The day we harvested our pumpkins I remembered the funny thing about the pumpkin harvest: the pumpkins become toys. They always do. Not as balls, but as items to haul and load and move and to decorate. Over and over. It’s always charming to me for a good while. Until it feels like there are pumpkins everywhere and my yard is chaos. But there are a few days of delight in there for me.
This year it was Elsie who decided to make teepees out of corn stalks from the garden, using the pumpkins to weigh down the edges. And suddenly the corn stalks were the new favorite toy.
We ate over the fire that night- just soaking up the final days before the cold. Hotdogs and smores. And while Rory finished up a new fence in the orchard, the kids built these darling little huts around the fire I had built. At some point they decided they wanted to sleep in them overnight. (sidenote: In this picture above, Ivar is making fun of me for buying the cheapest hotdogs at Aldi. He said, “Mom, they’re made out of chicken! This is terrible.” And they were…)

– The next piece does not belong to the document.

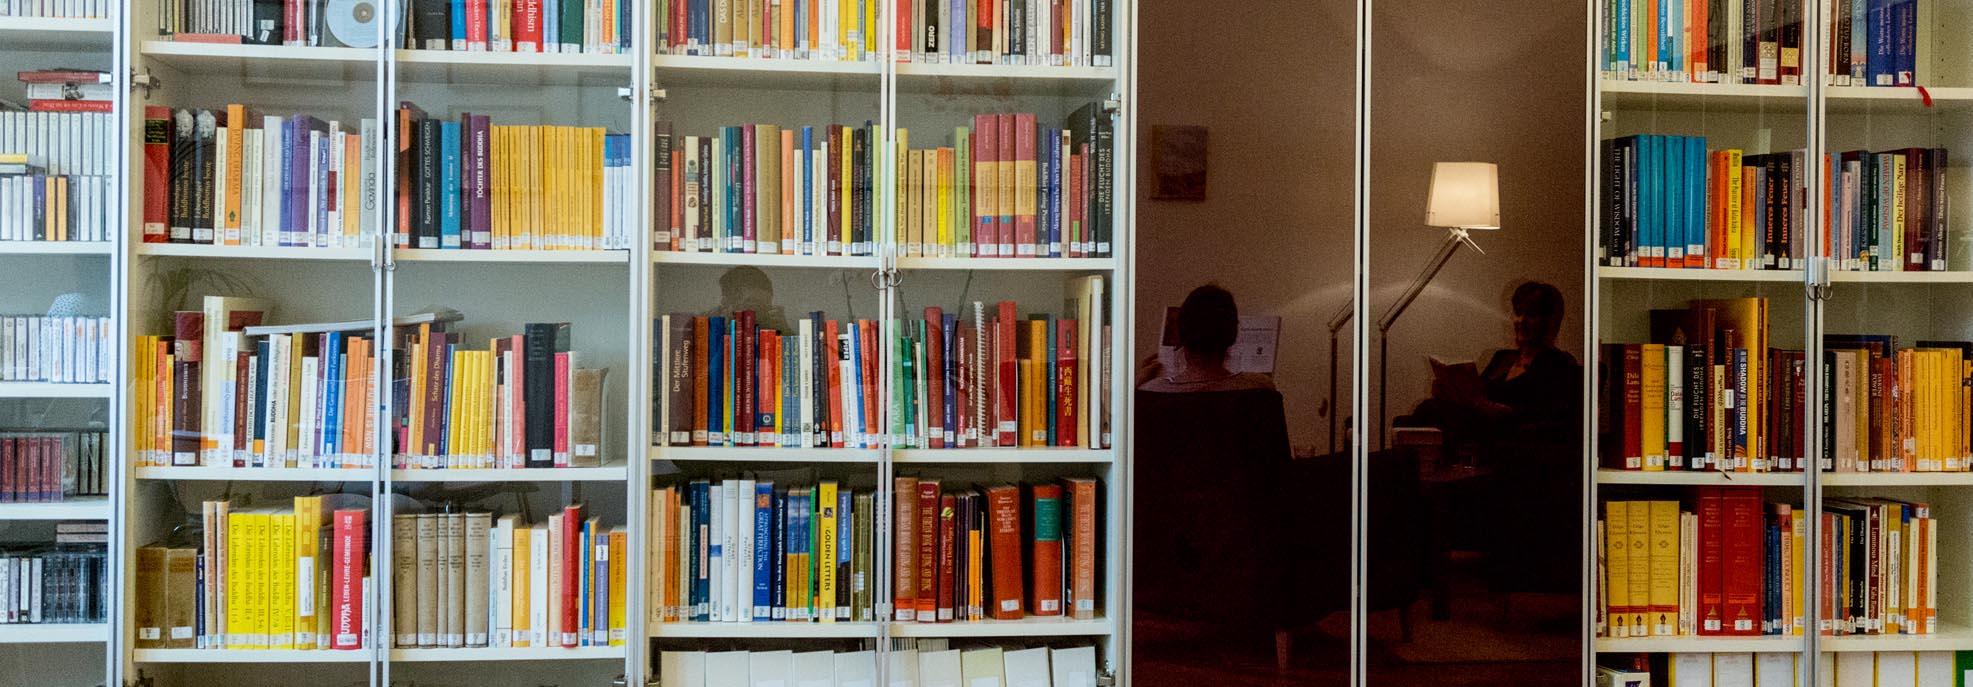 Bibliothek Dharma Mati Berlin

In the end, the little boys had baths and wanted to get into their cozy beds. Ivar said he was fine sleeping in his bed that night. But Hattie and Elsie were still planning to camp. They brought their teepees up on the porch, made a sleeping pad out of all of my decorative pillows lined in a row, and within five minutes Hattie was back inside. I told her, “I want you to just stay in your teepee for 20 minutes so Elsie has a friend- she is really excited about this. Then I’ll come get you and you can sleep in your bed.”
It was dark outside, but the porch light was on and Hattie’s teepee was two feet from the front door, facing the front door. When I shut the door her eyes were wide, “don’t forget me in twenty minutes!” I didn’t, and she came running in the house triumphant and relieved and crawled into bed.
But Elsie was determined. I had no idea she was actually serious about this. And then I had a real conundrum. I couldn’t just leave one of my kids sleeping on our porch alone all night. It didn’t feel right at all.
I sat up, waiting for her to get cold and come inside, but when I looked out, she was sound asleep. So then I had a real problem because I wasn’t about to go sleep on a bunch of throw pillows on my porch under a few corn stalks. So I did the next best thing, and cranked the window closest to her and slept on the couch with Abel. This way I could hear if she needed me, while still in our warm home.
And you know what? She made it the whole night! She came in so victorious the next morning. It was some sort of challenge she had set for herself and I was so glad I hadn’t made her come in the night before, even though it meant Abel and I were out of our routine. She was so pleased and empowered by the whole thing and told me many times that next day, “And you thought I’d only last 45 minutes!”